Not French either! Try again!  






			
				trubllue325 said:
			
		

> a girl said it to me .So it must be french i guess


----------



## DDT

I'm moving this thread to the "Other Languages" forum

DDT


----------



## Whodunit

It looks like Irish without accents. But I can't translate it.


----------



## utopia

As far as I know it's: GO PLAY SOCCER! (IN iRISH)


----------



## Yernagh

utopia said:
			
		

> As far as I know it's: GO PLAY SOCCER! (IN iRISH)


 

Utopia,

You are almost 100% correct.

It is indeed Irish, but is in the present continuous tense, so it means " ...Going to play soccer".

GO PLAY SOCCER  would be "Téigh ag imirt sacair"

Le gach deá mhéin
With every best wish

Yernagh


----------



## utopia

Bhi me i mo smaoineamh gur mhodh ordaitheach b'ea seo.

Ba chuma loighciuil ata air seo.

le meas,


----------



## JLanguage

Utopia, how the heck do you know that? I didn't think too many people in Israel spoke Irish or any Celtic language for that matter.


----------



## Whodunit

JLanguage said:
			
		

> Utopia, how the heck do you know that? I didn't think too many people in Israel spoke Irish or any Celtic language for that matter.

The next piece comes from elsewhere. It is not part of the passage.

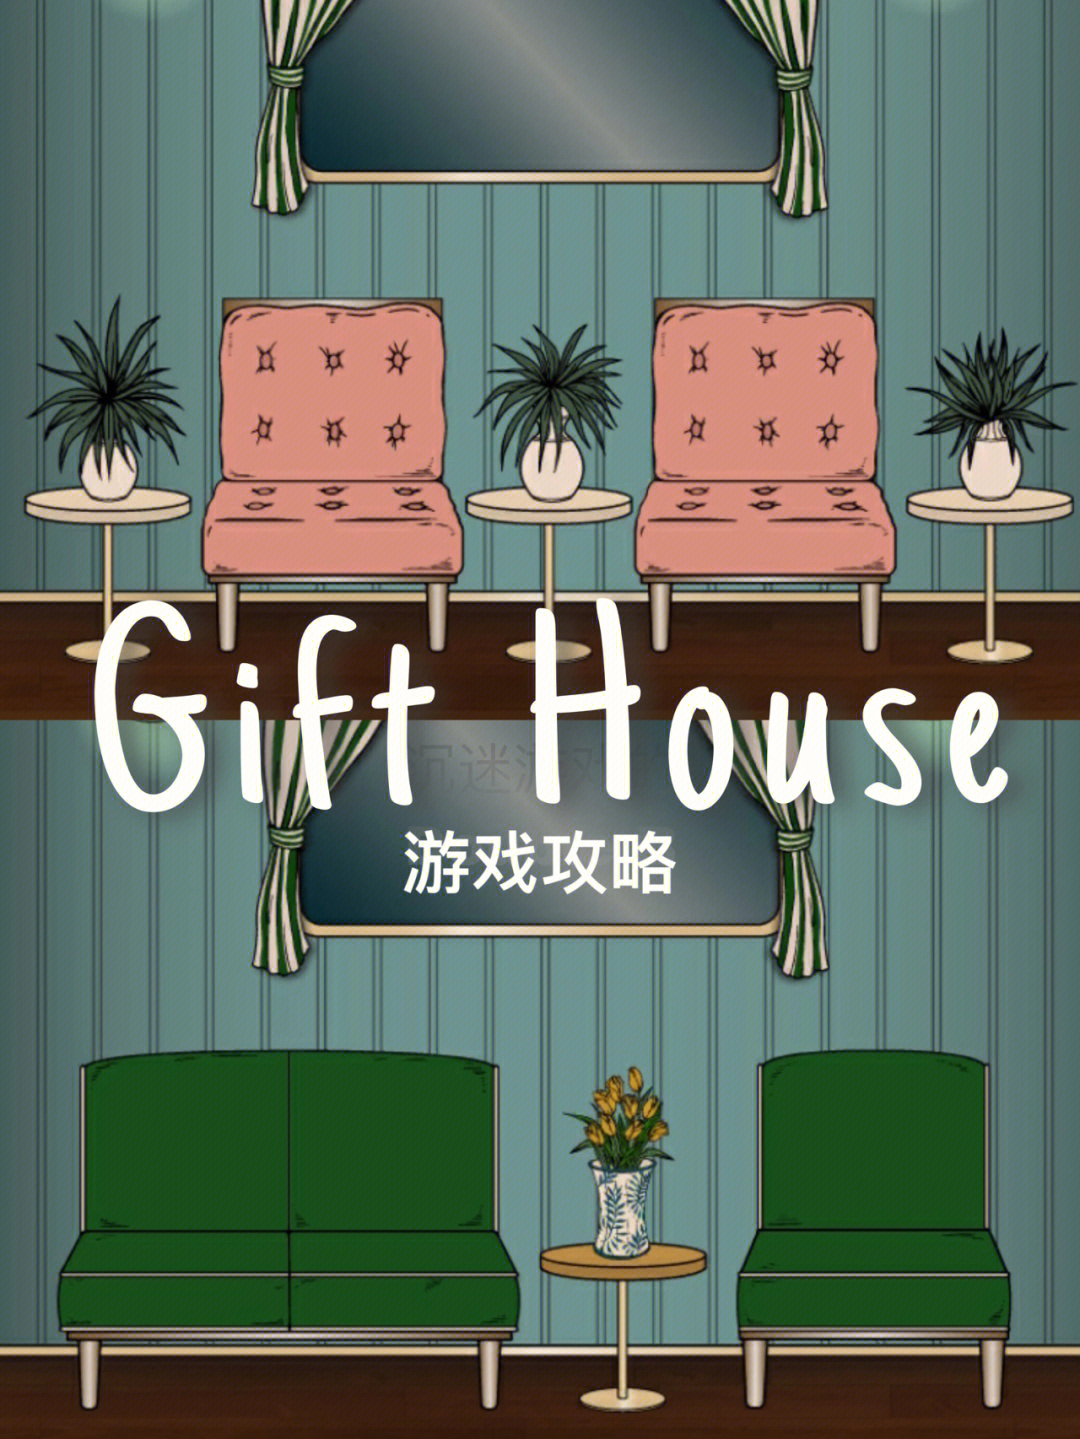 97游戏名称:gift house

What about Internet resources or the "right contacts"?


----------



## utopia

Well, You are after all at a language forum!!!
I've been studying Gaeilge for a few years now, and not from the internet, but today I'm using this medium to enrich my vocabulary and read news in this language.

It's heaven and earth - the transformation of the way people can learn languages - before the internet and after it!


----------